Conselho Universitário analisa parecer sobre trabalho da Comissão Memória e Verdade da UFSC

29/04/2025 20:50

A sessão foi aberta ao público e direcionada ao Auditório da Reitoria. Foto: Agecom/UFSC

O Conselho Universitário (CUn) da Universidade Federal de Santa Catarina (UFSC) analisou, em sessão realizada na tarde desta terça-feira, 29 de abril, parecer referente ao trabalho da Comissão Memória e Verdade (CMV) da instituição. Criada em 2014, a CMV foi instituída com o objetivo de investigar violações de direitos humanos ocorridas na UFSC durante a ditadura civil-militar (1964-1985).

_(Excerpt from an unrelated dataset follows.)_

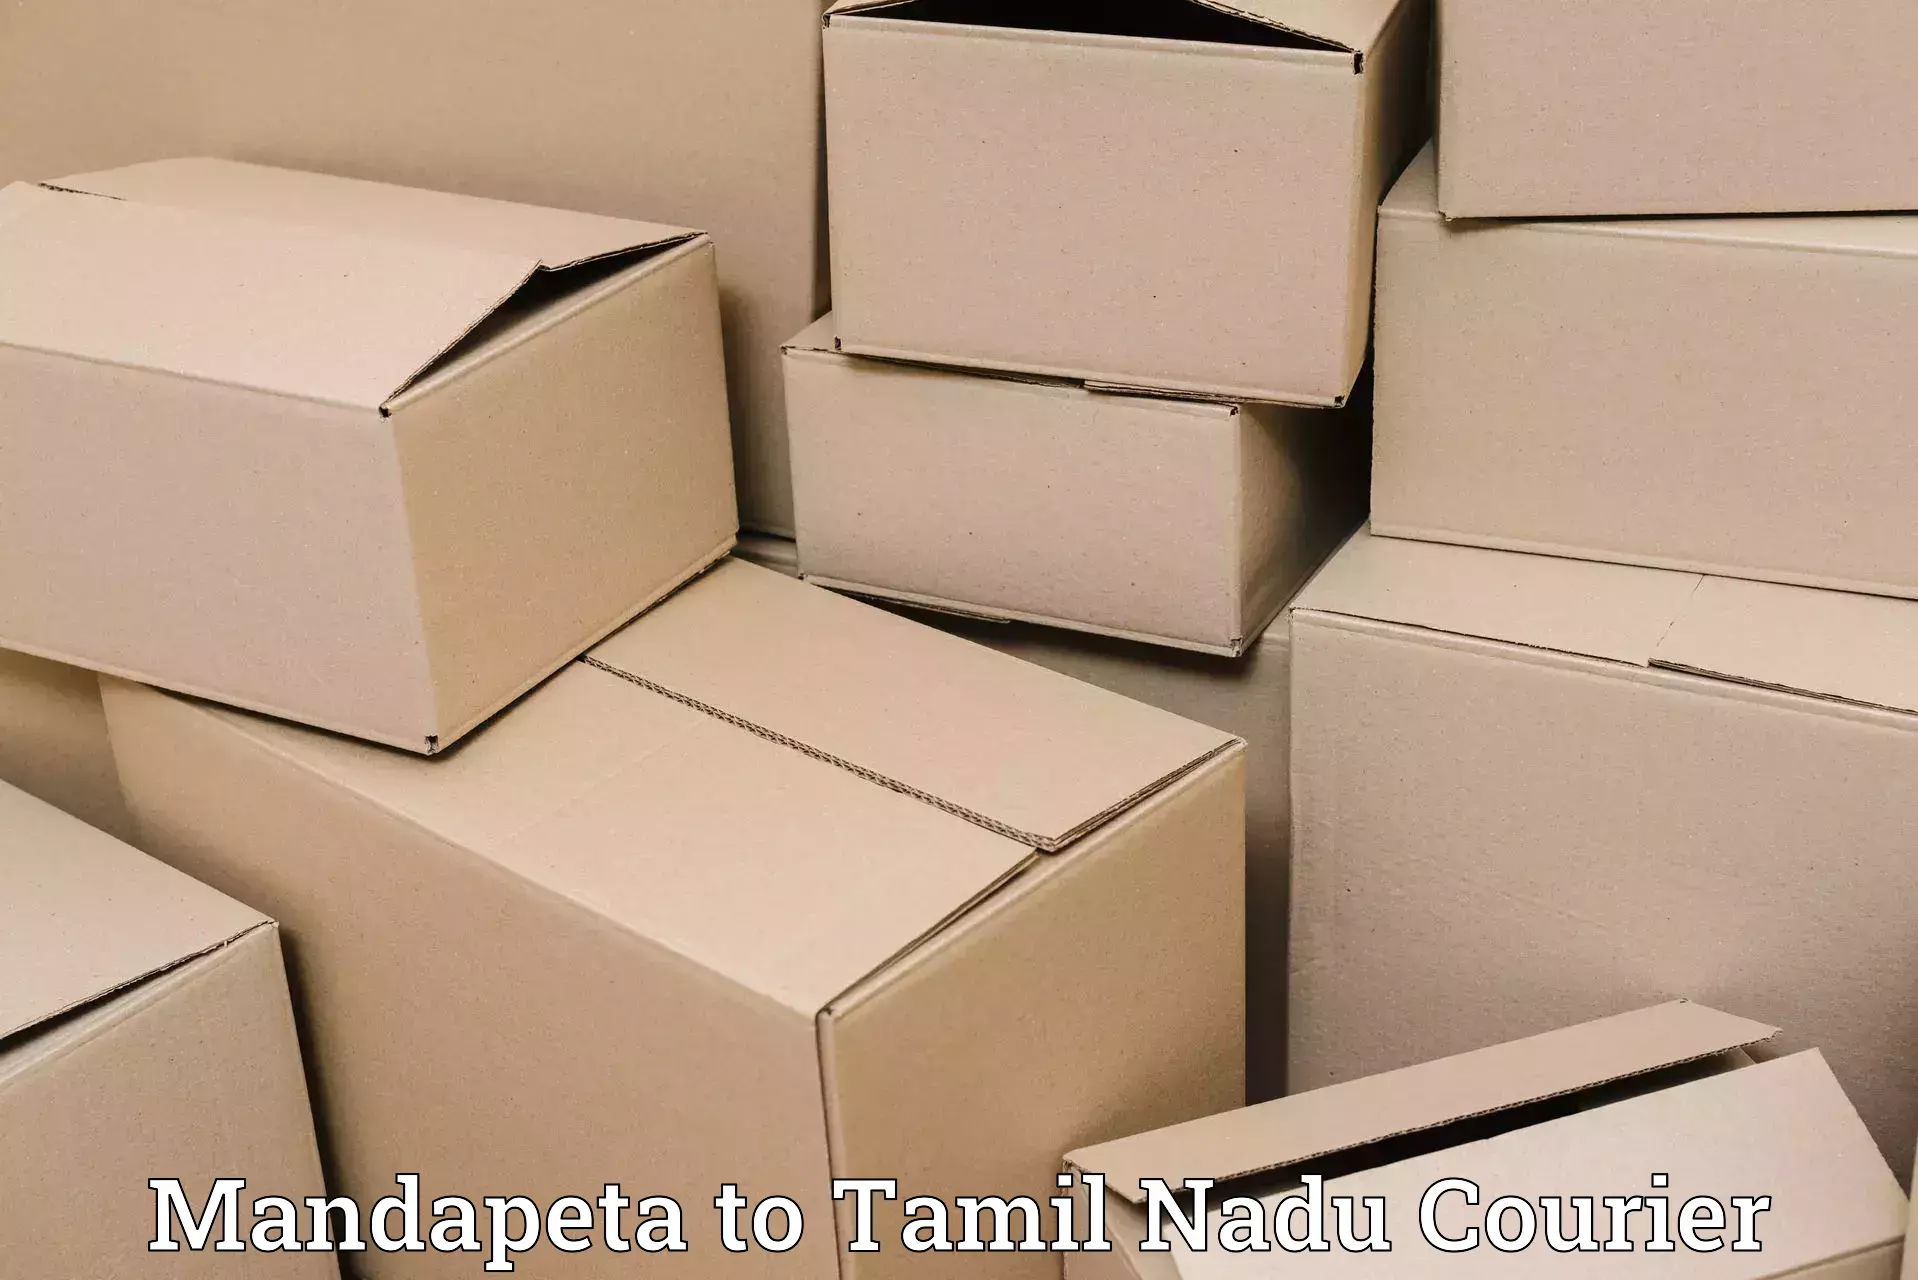 Streamlined delivery processes Mandapeta to Tamil Nadu

O referido parecer foi elaborado pelo conselheiro Ubirajara Franco Moreno e, devido à relevância dos temas tratados, a reunião foi transferida da Sala dos Conselhos para o Auditório da Reitoria, após decisão coletiva de torná-la aberta ao público.

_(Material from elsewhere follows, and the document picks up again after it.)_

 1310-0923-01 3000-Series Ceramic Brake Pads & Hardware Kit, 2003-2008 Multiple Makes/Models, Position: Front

O documento foi embasado por dois processos: (23080.018179/2024-90) um relativo ao encaminhamento das recomendações da CMV, e outro (23080.000600/2023-25) que trata de um pedido de impugnação do Relatório Final da Comissão, o qual foi apresentado pela advogada Heloísa Blasi Rodrigues, em nome da família do ex-reitor João David Ferreira Lima. Neste caso específico, adianta-se que o relator manifestou-se pelo não acolhimento da impugnação.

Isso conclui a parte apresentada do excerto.